Homúnculo: (de dentro da redoma, para Wagner) – Bom dia, papai! então sempre era verdade, hein? Toma-me, aconchega-me ao teu seio com ternura, mas, olha, não me apertes muito, senão... quebras o vidro. Isso é a propriedade das coisas: ao que é natural, só o Universo pode bastar; mas o artificial, ao contrário, reclama o limitado. (Voltando-se para Mefistófeles) Tu aqui? Velhaco... Mas, ainda bem que o momento é azado e graças dou porque boa estrela te trouxe a nós.
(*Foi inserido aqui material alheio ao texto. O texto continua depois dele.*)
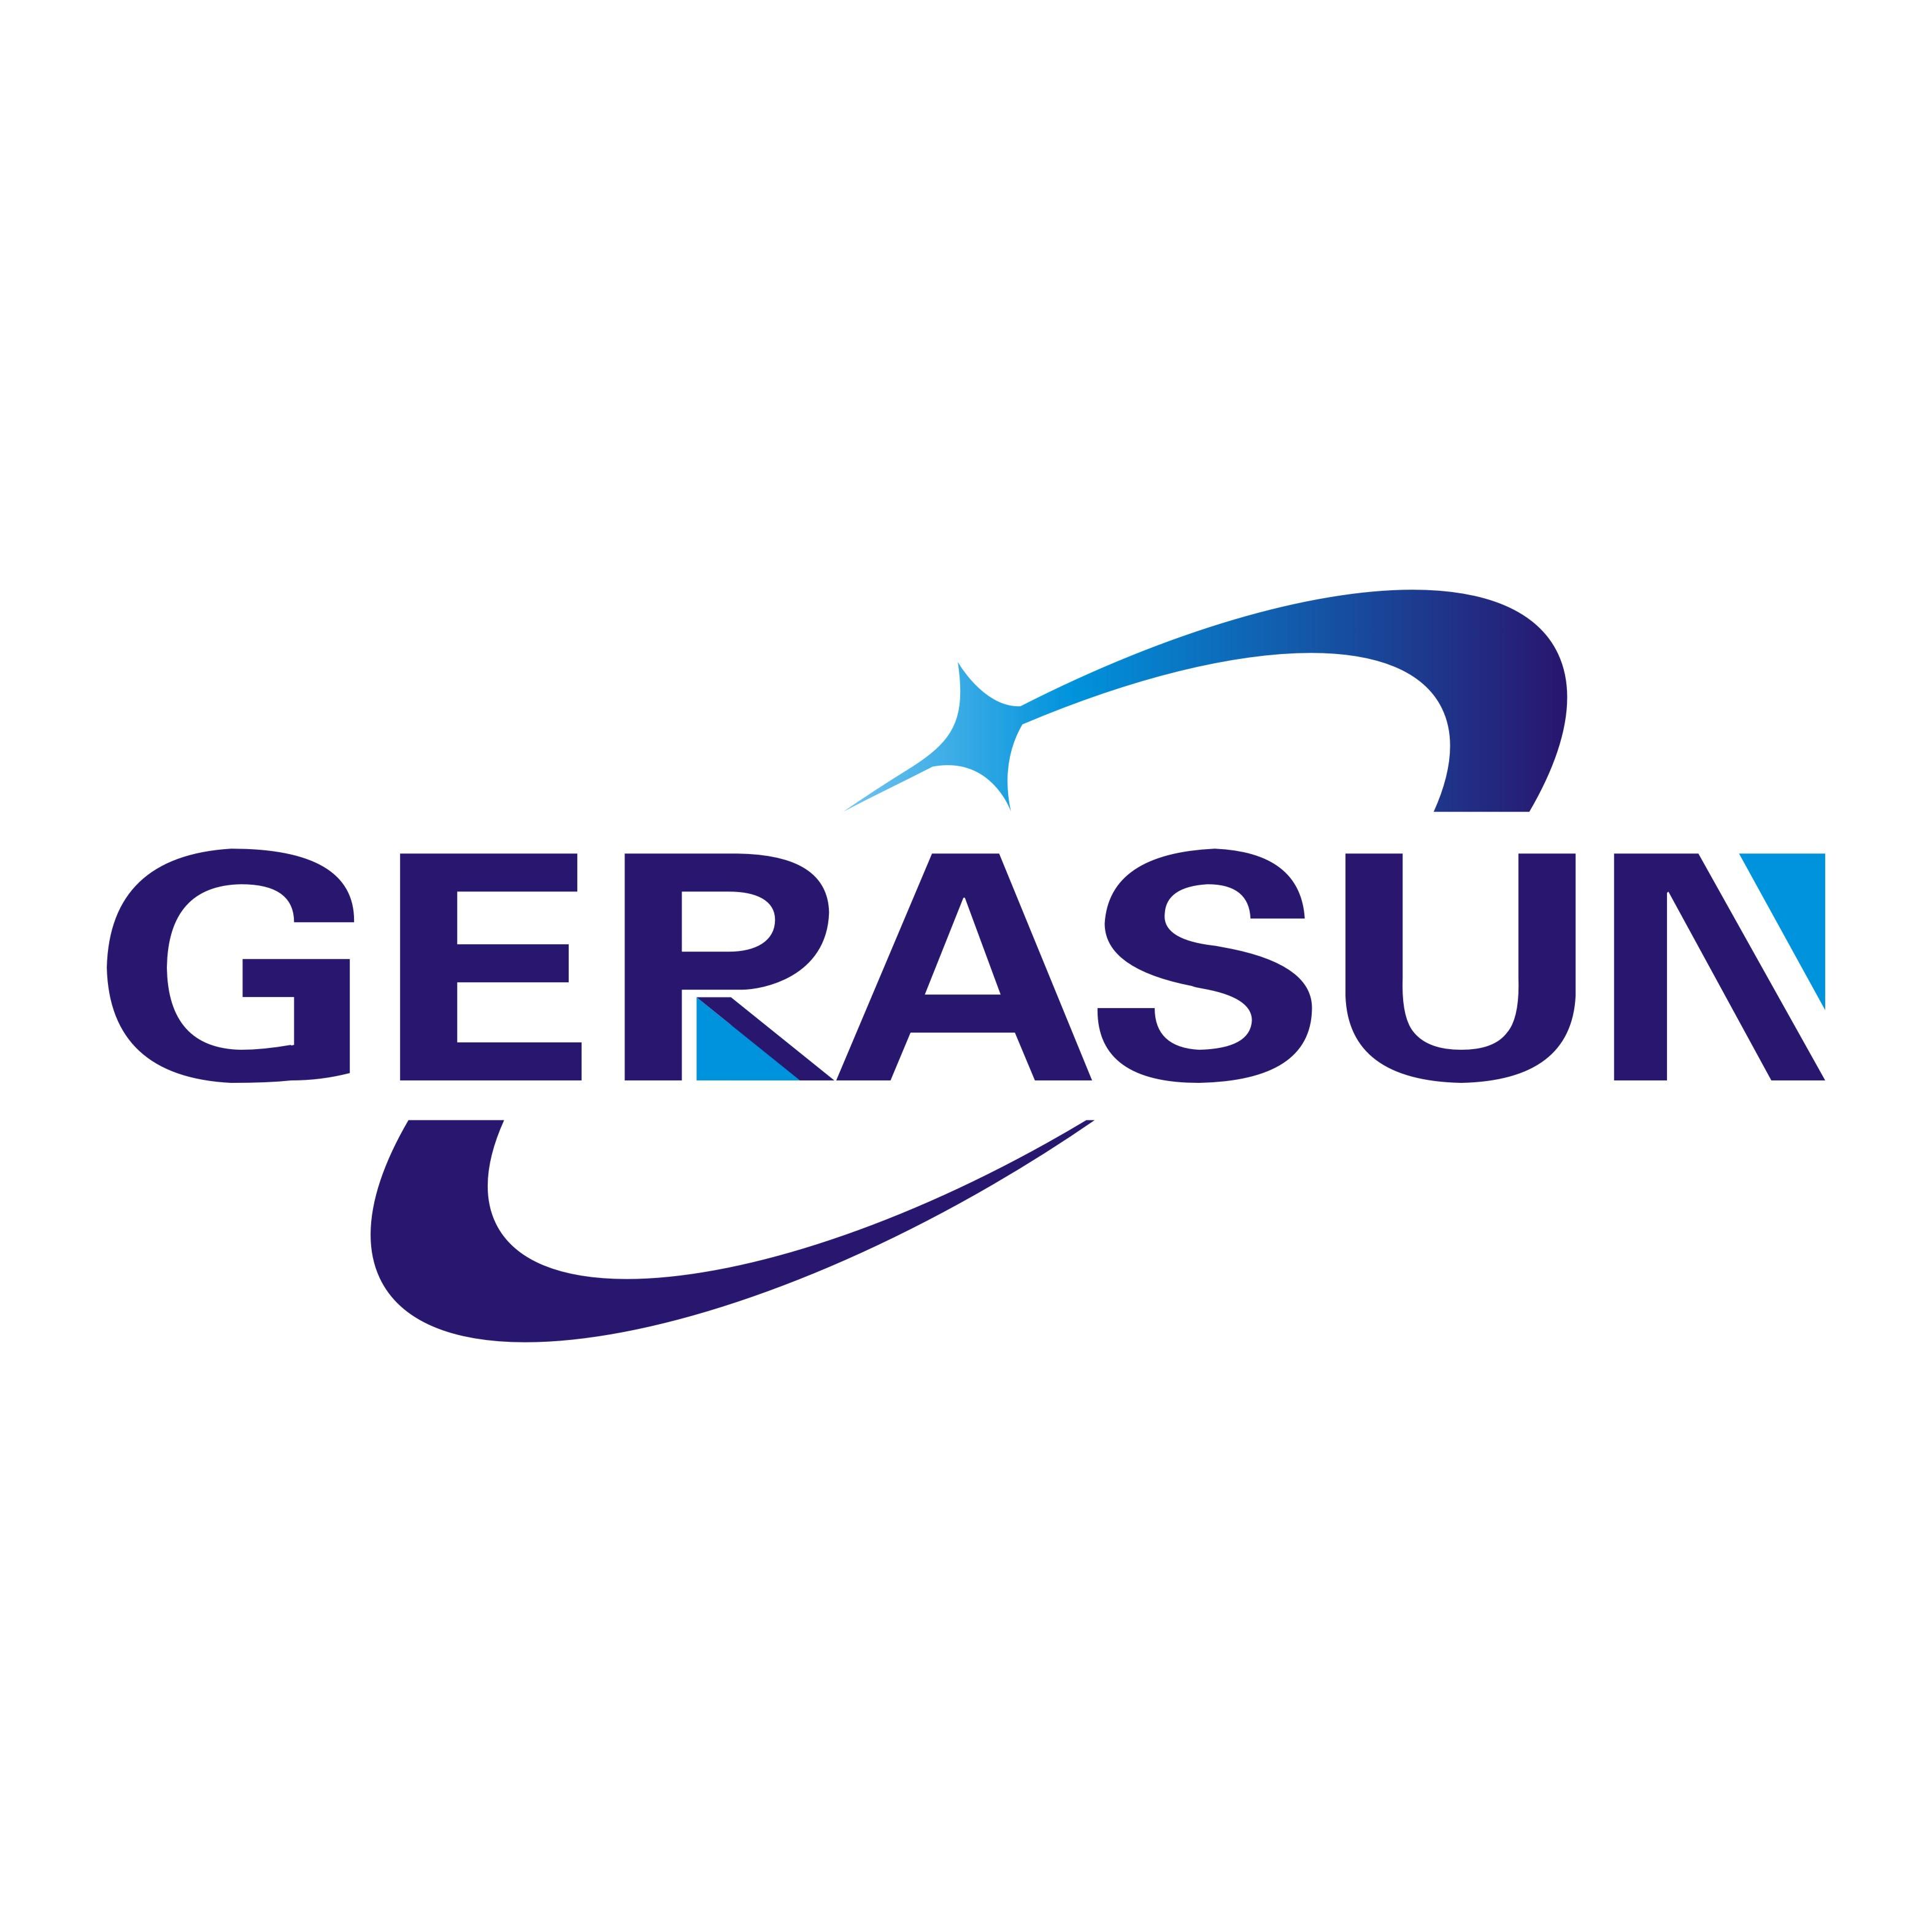 logo logo 标志 设计 矢量 矢量图 素材 图标 3149_3149

Já que estou no mundo, quero agir e meter desde logo mãos à obra. Hábil és tu para me desbravar o caminho.

Wagner: – Uma palavra ainda... Até aqui, muitas vezes me vi indeciso, quando moços e velhos me vêm cumular de problemas. Ninguém, por exemplo, ainda compreendeu como a alma e o corpo, tão intimamente conjugados e ajustados entre si, a ponto de os julgarmos para sempre inseparáveis, vivem em luta sem tréguas e chegam a envenenar a própria existência... e depois...

Mefistófeles: – Alto lá! Eu antes quisera saber a razão por que o homem e a mulher não se entendem. Esta é uma questão que te há de custar a resolver. Isso é o que vale tentar e o petiz deseja fazê-lo...“ (Deus na Natureza – Segunda Parte. A Vida.)


379. Voltai, porém, a página do libreto. Vamos ao 1º ato, é Fausto, é a velha e nova Ciência quem fala: Como tudo se movimenta para o trabalho universal! Como operam e cooperam as atividades todas, umas pelas outras! Como sobem e descem as forças, a permutar de mão em mão seus vasos de ouro, a tocá-los com as suas asas que exalam, nesse vaivém, do céu à Terra, uma como bênção de universal harmonia! “Estupendo espetáculo! Mas... ó tortura! nada mais que espetáculo! Onde apreender-te, ó Natureza! Ó fontes de toda a vida! que abranjeis e nutris céus e terras, onde estais? Para vós se voltam os seios desnutridos, correis aos borbotões, inundais o mundo, enquanto em vão me consumo.” (Deus na Natureza – Segunda Parte. A Vida.)

380. Sim. Em vão vos consumis, tentando reivindicar para o homem a obra do Criador. Com todo o vasto conhecimento da matéria e das suas propriedades, não conseguistes engendrar sequer um cogumelo. (Deus na Natureza – Segunda Parte. A Vida.)

381. O que não podemos, pode a Natureza, visto que ela ainda é mais hábil que nós. Mas, então, que fazeis da inteligência, uma vez que, por outro lado, presumis não haver espírito na Natureza? Mas vamos adiante. Demais – acrescentais argutamente –, se ainda não produzimos seres vivos por processos químicos, temos, todavia, produzido matérias como, por exemplo, o ácido característico da urina, e o óleo essencial da mostarda (éter alilsulfociânico), o que muito nos lisonjeia. (Deus na Natureza – Segunda Parte. A Vida.)


 

[i]     Circulation de la Vie, T. 2º, carta 15º.

[ii]    A ideia de enclausurar Espíritos em frascos é muito comum na feitiçaria medieval. O Papa Benedito IX expeliu sete Espíritos de um açucareiro.